WHAT THIS TASK INVOLVES:
Beginning with the line that contains "Highspeed-Wifi für Treueprogramm-Mitglieder", repeat each line exactly through the end of the listing below. Pictures stay out.

SUPPLIED DATA:
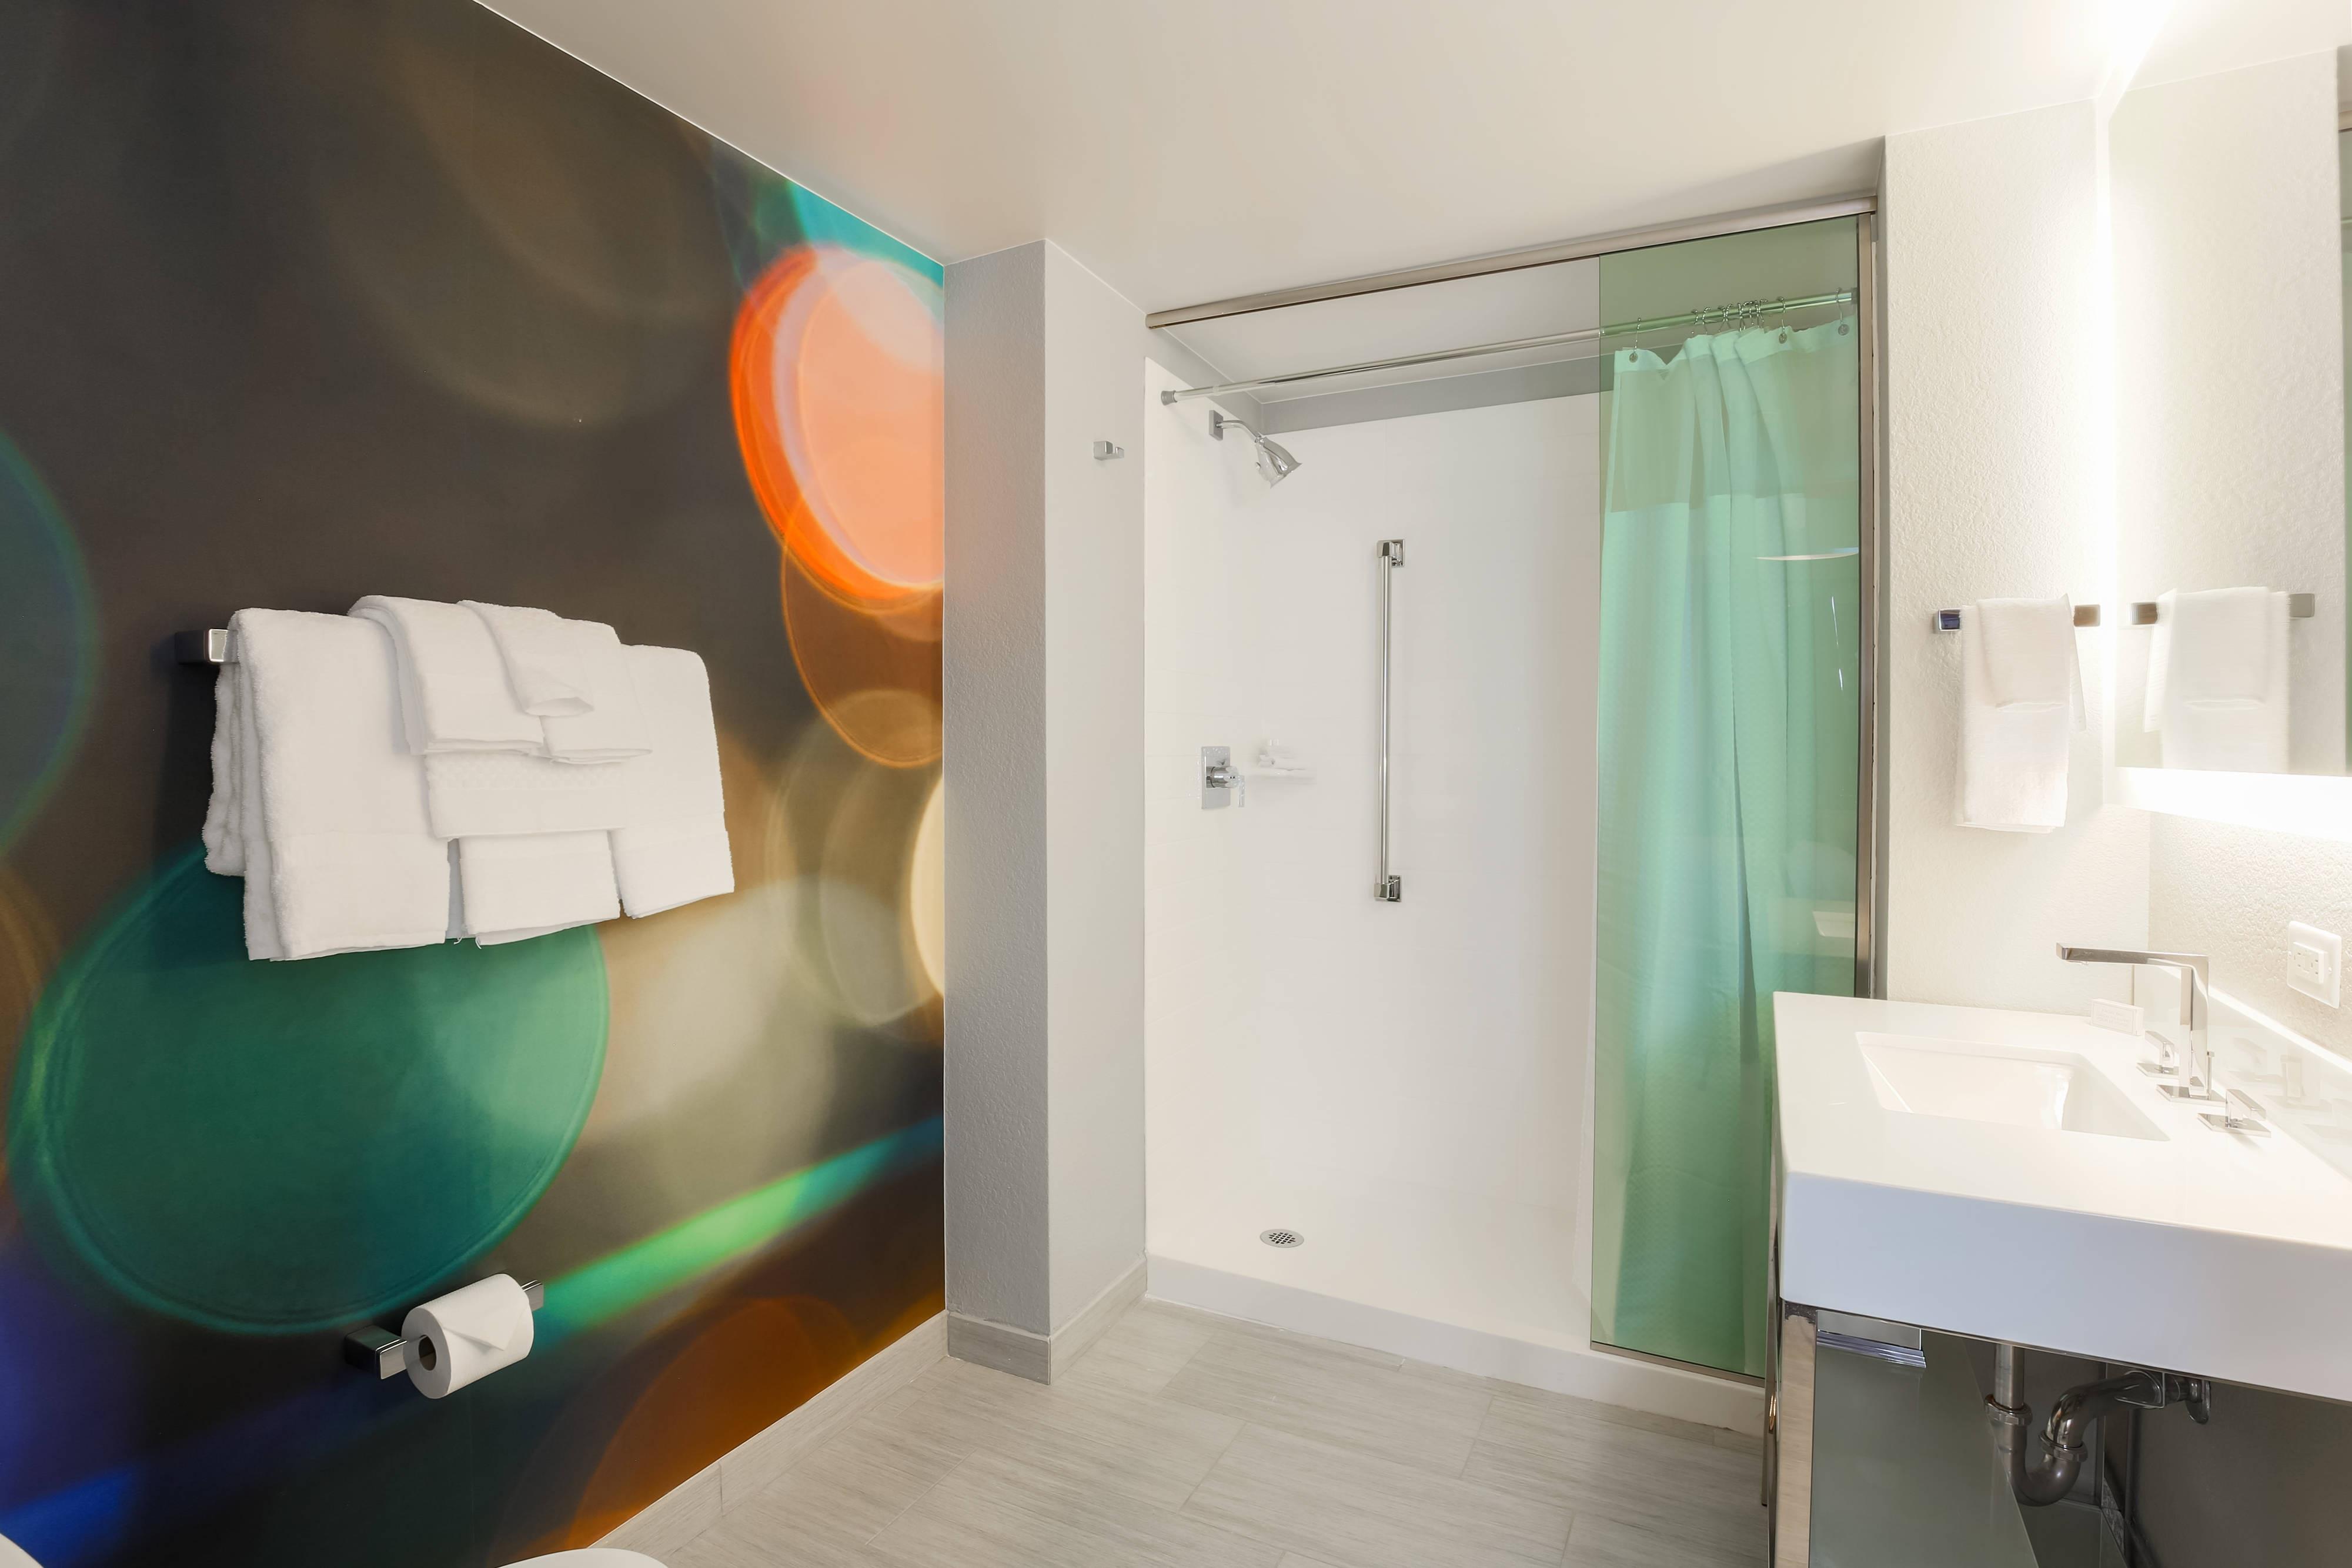 Baño con facilidades para personas con necesidades especiales
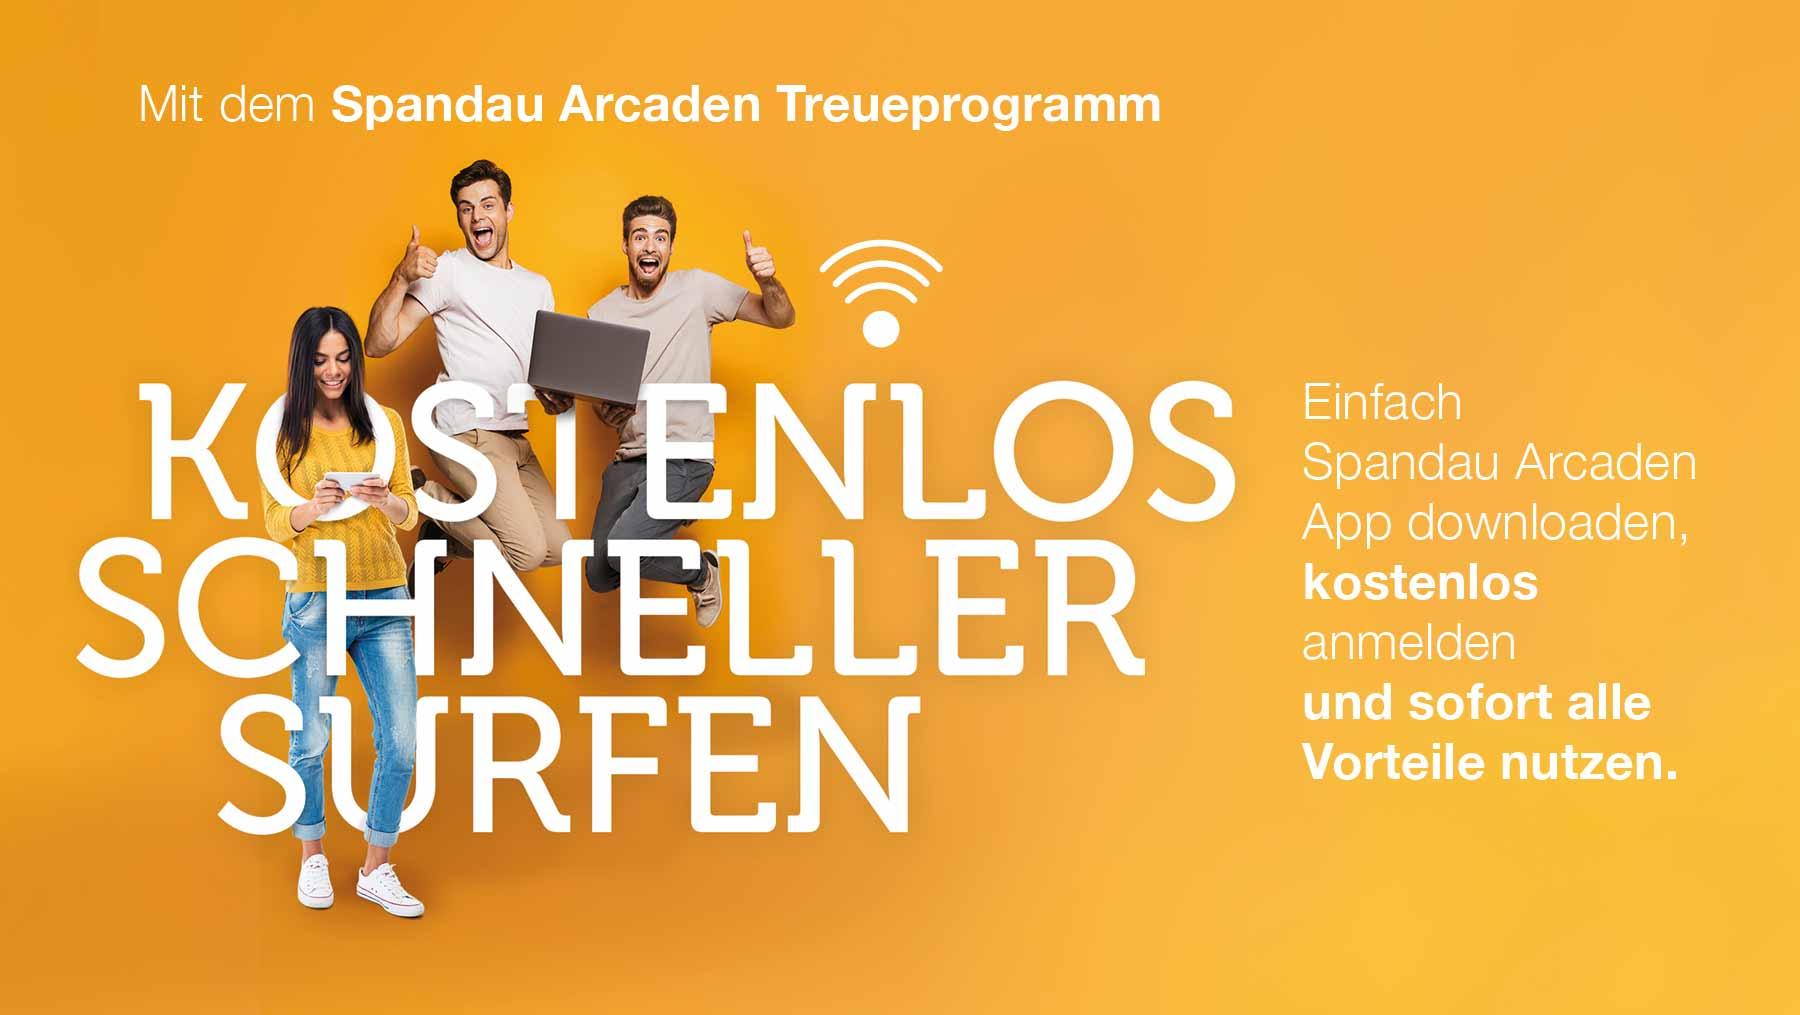 Highspeed-Wifi für Treueprogramm-Mitglieder
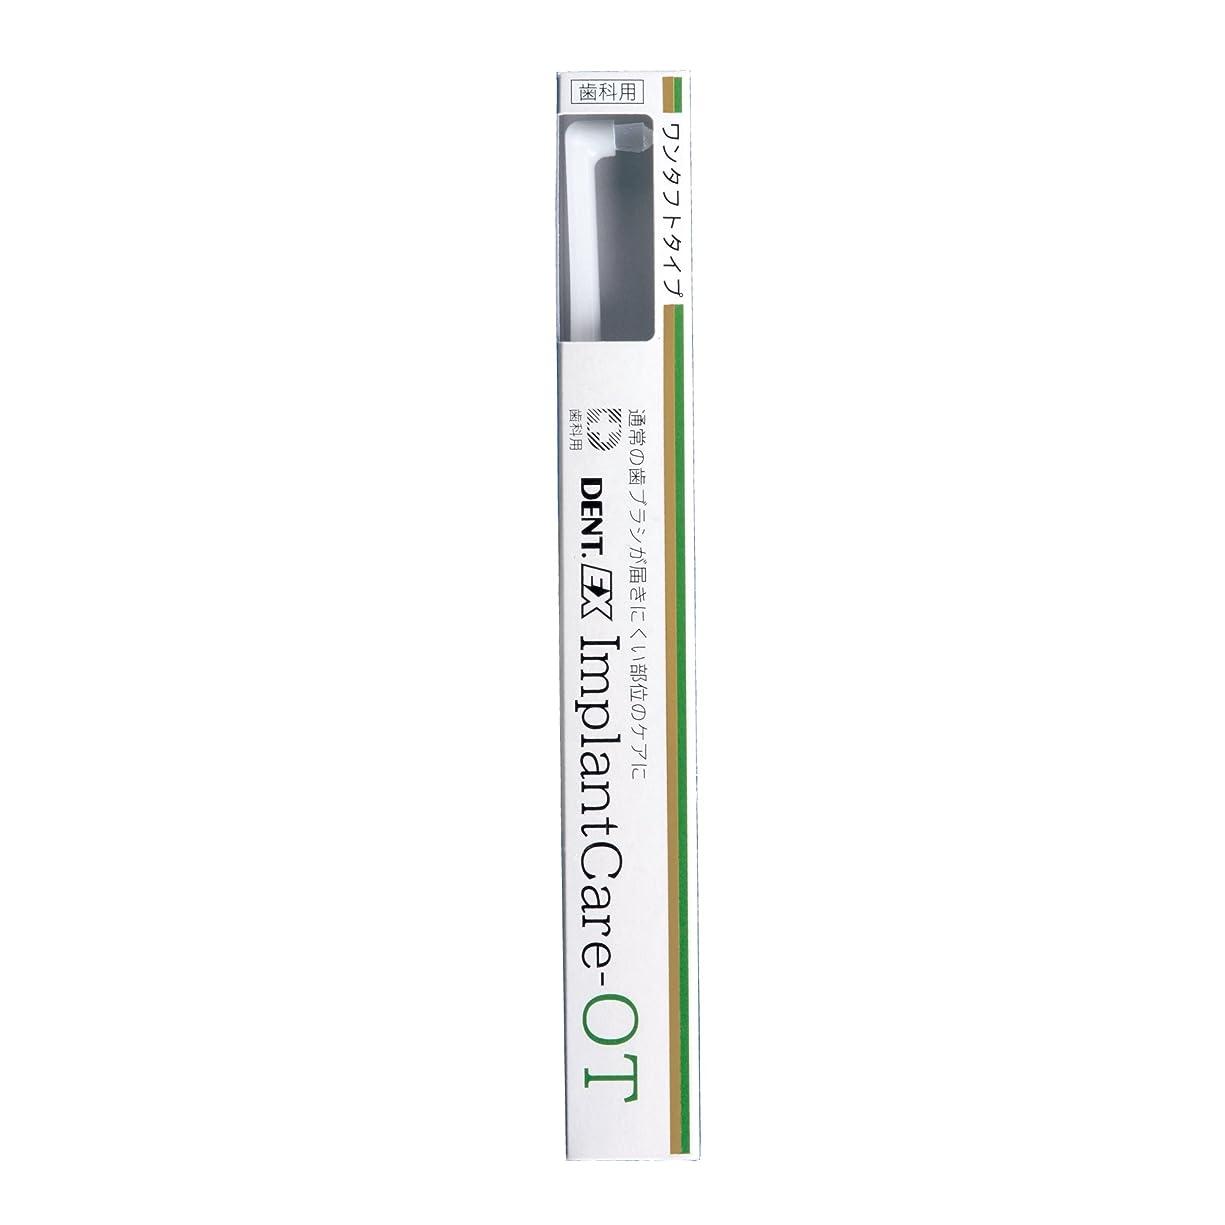 準備したエンコミウム警戒ライオン歯科材 デント EX インプラントケア OT 1本入 4903301088639

FINISHED EXERCISE:
 Highspeed-Wifi für Treueprogramm-Mitglieder
 準備したエンコミウム警戒ライオン歯科材 デント EX インプラントケア OT 1本入 4903301088639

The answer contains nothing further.